What you should do
Starting at the line with "Very good condition, professionally" and ending at the line with "Thus, this study", print exactly the lines of the entries below. Pictures do not belong in the copy.

====== Records to process ======

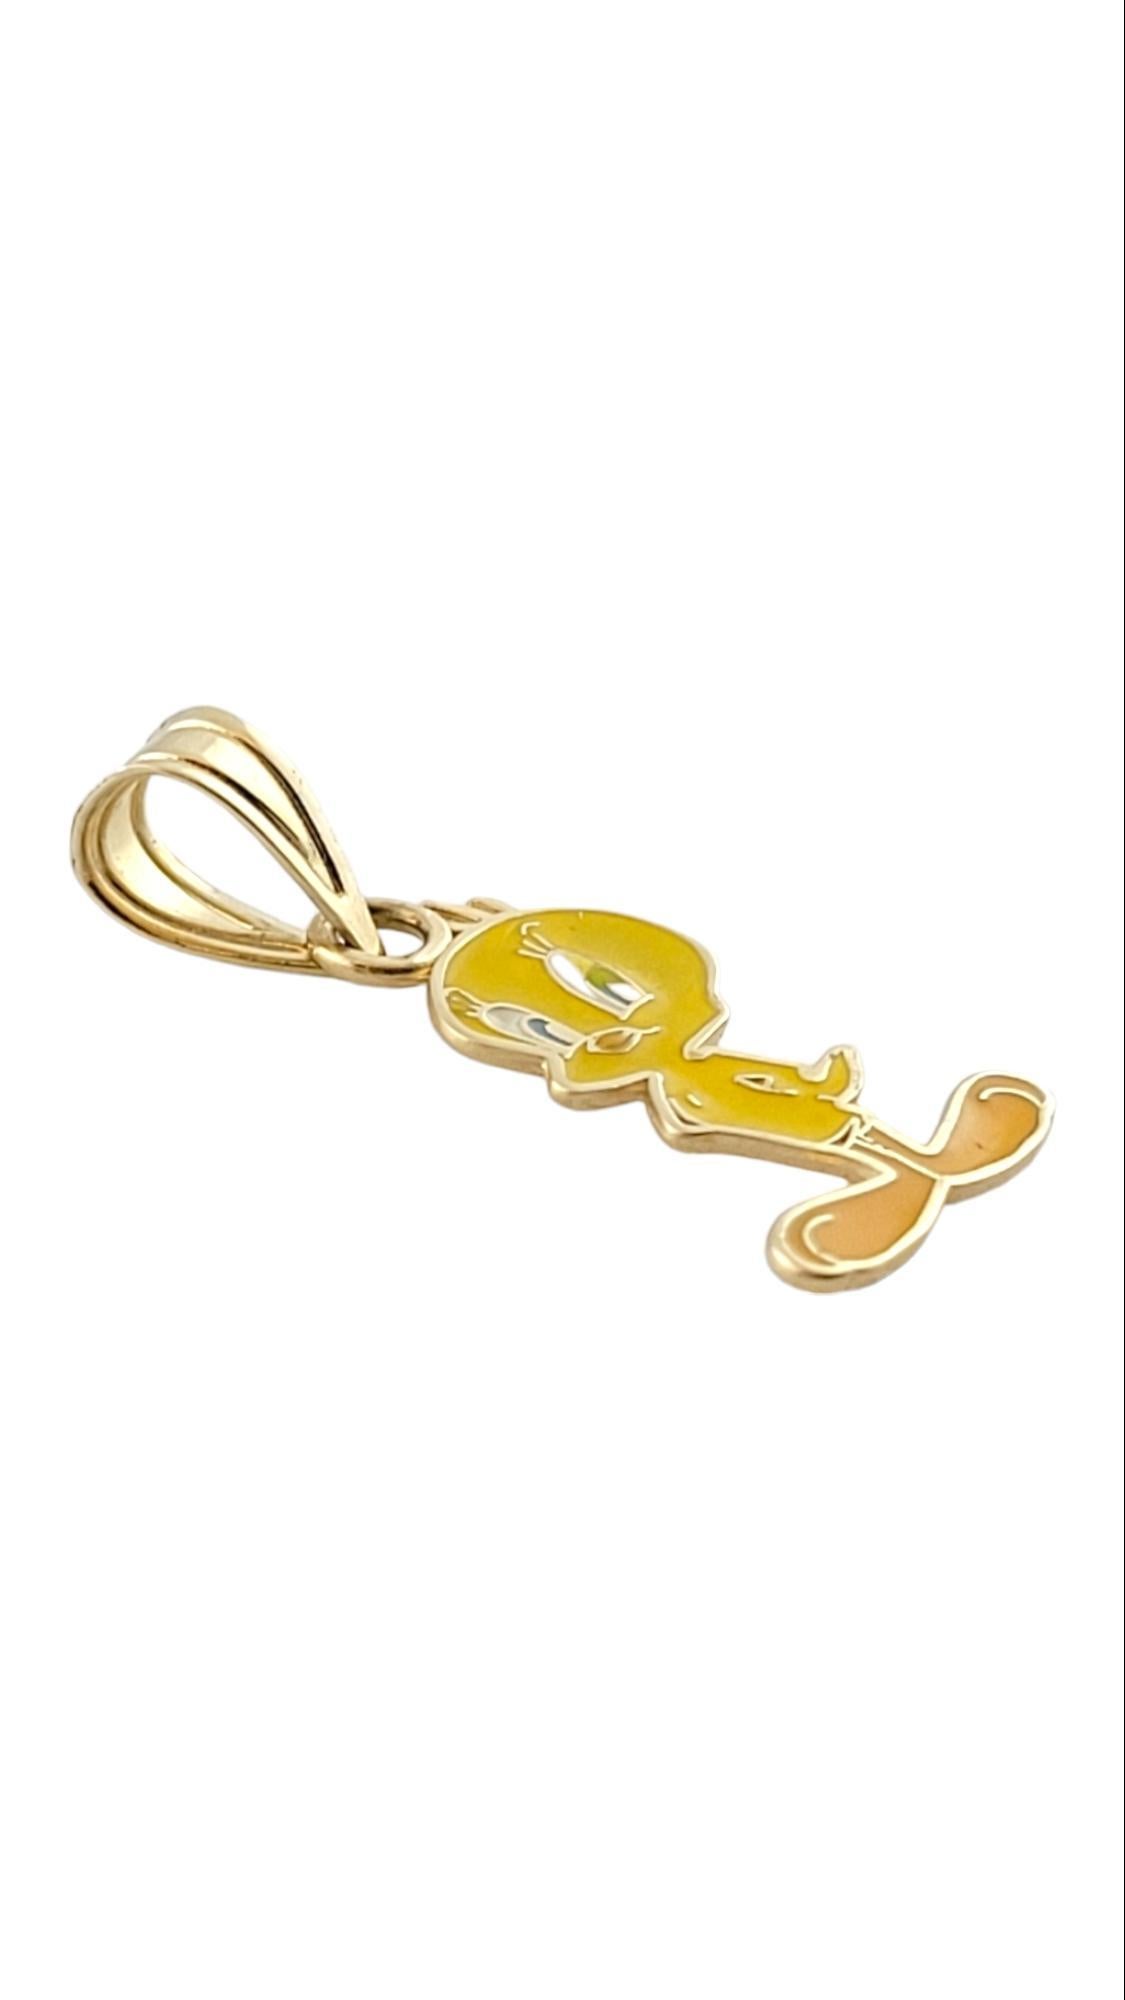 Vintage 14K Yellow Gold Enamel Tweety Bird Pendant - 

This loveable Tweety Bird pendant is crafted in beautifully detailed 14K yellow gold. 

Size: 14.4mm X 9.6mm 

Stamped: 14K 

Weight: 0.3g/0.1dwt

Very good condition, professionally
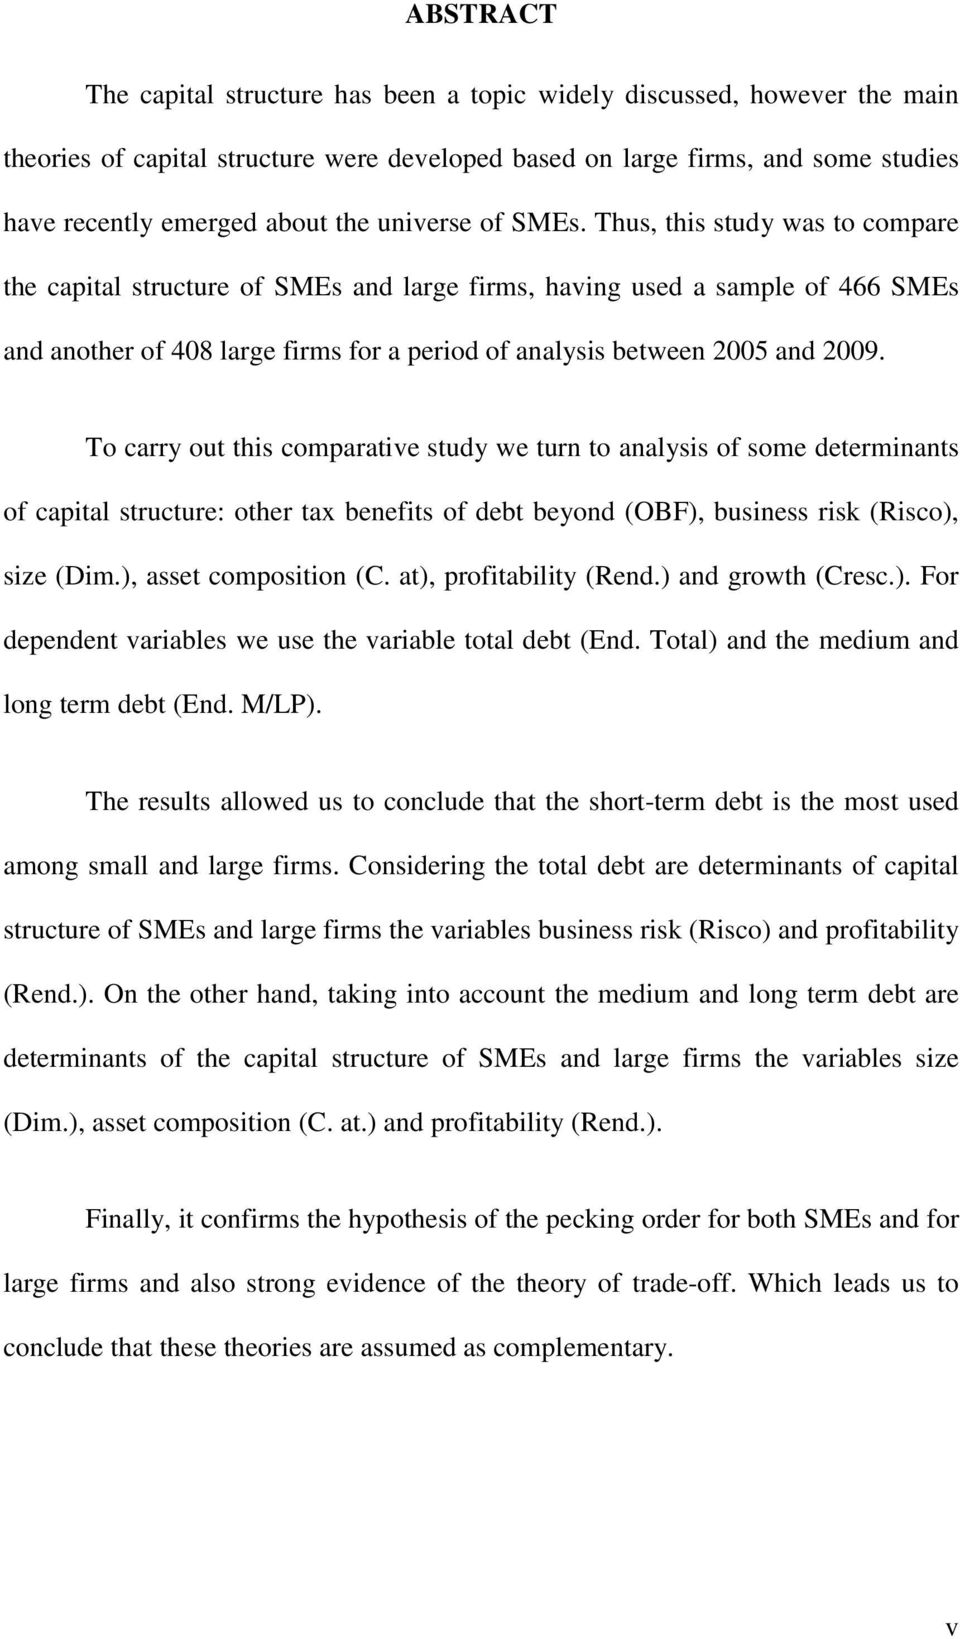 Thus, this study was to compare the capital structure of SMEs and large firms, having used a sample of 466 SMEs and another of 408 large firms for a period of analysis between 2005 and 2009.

======
====== Records to process ======

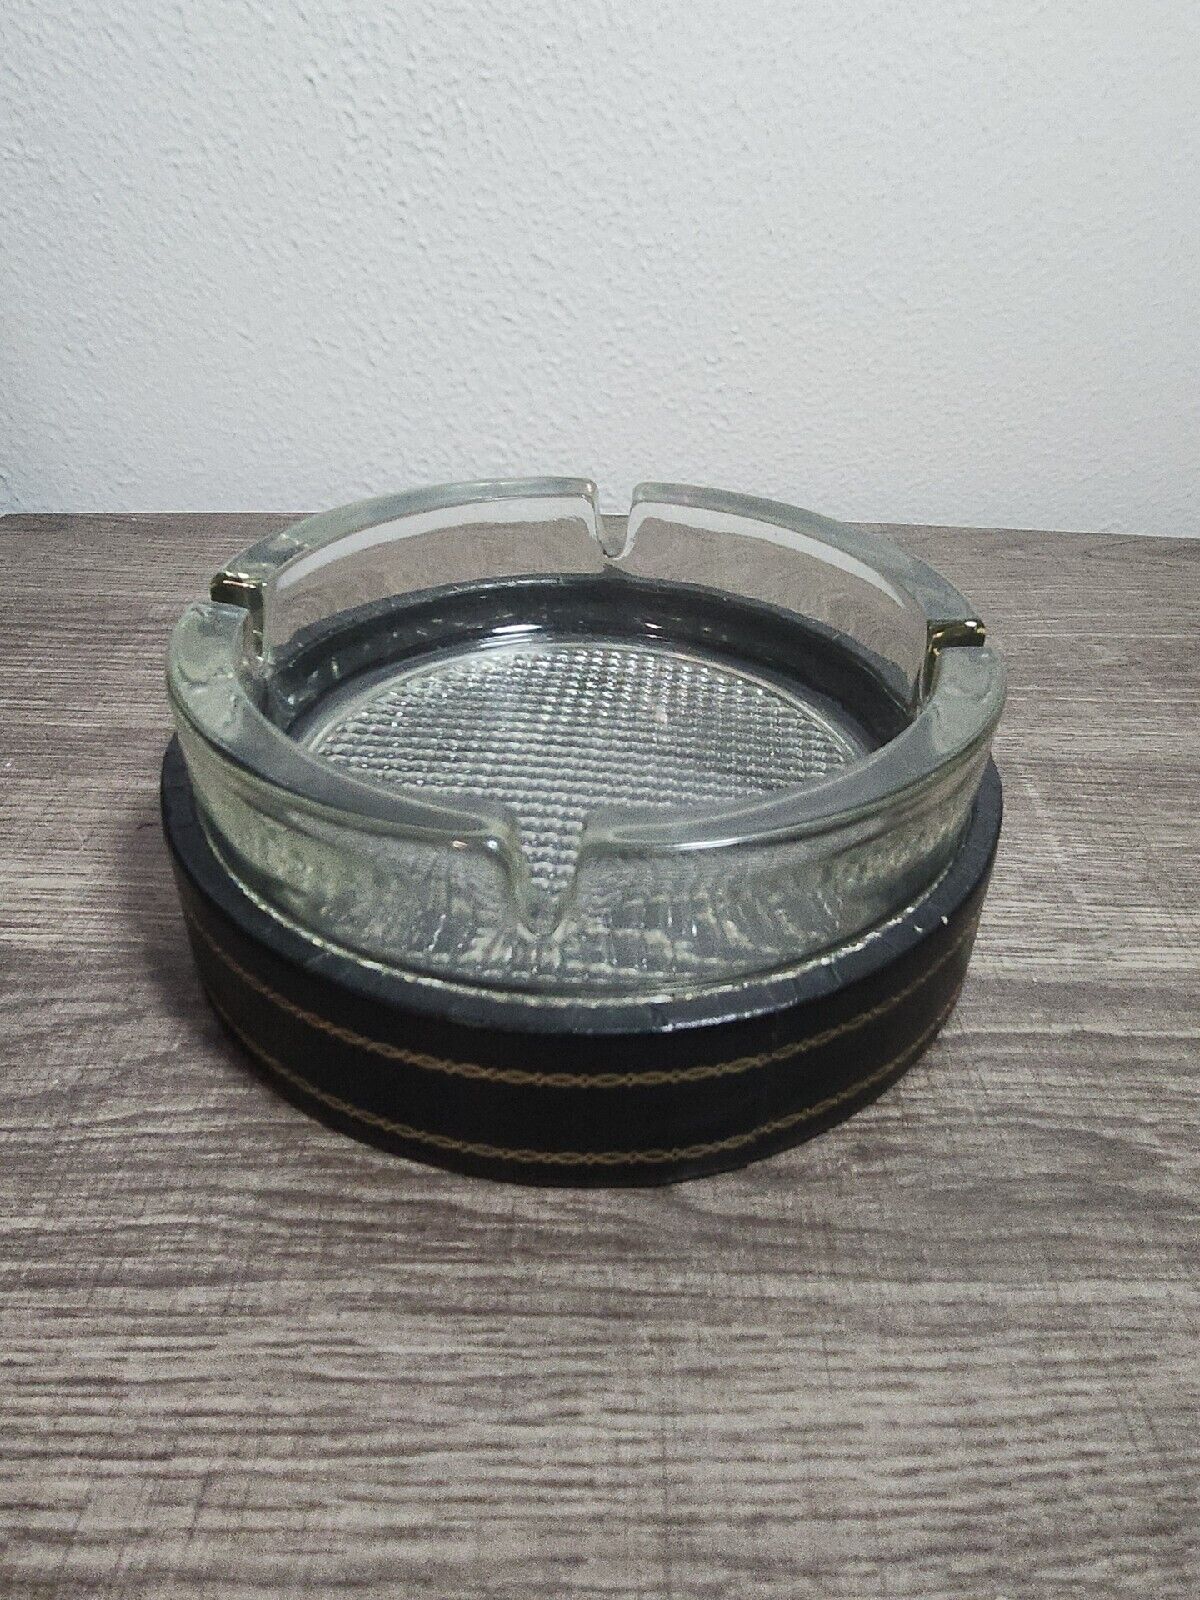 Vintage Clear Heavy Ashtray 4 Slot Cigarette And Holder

======

Exercise response
Very good condition, professionally
 Thus, this study was to compare the capital structure of SMEs and large firms, having used a sample of 466 SMEs and another of 408 large firms for a period of analysis between 2005 and 2009.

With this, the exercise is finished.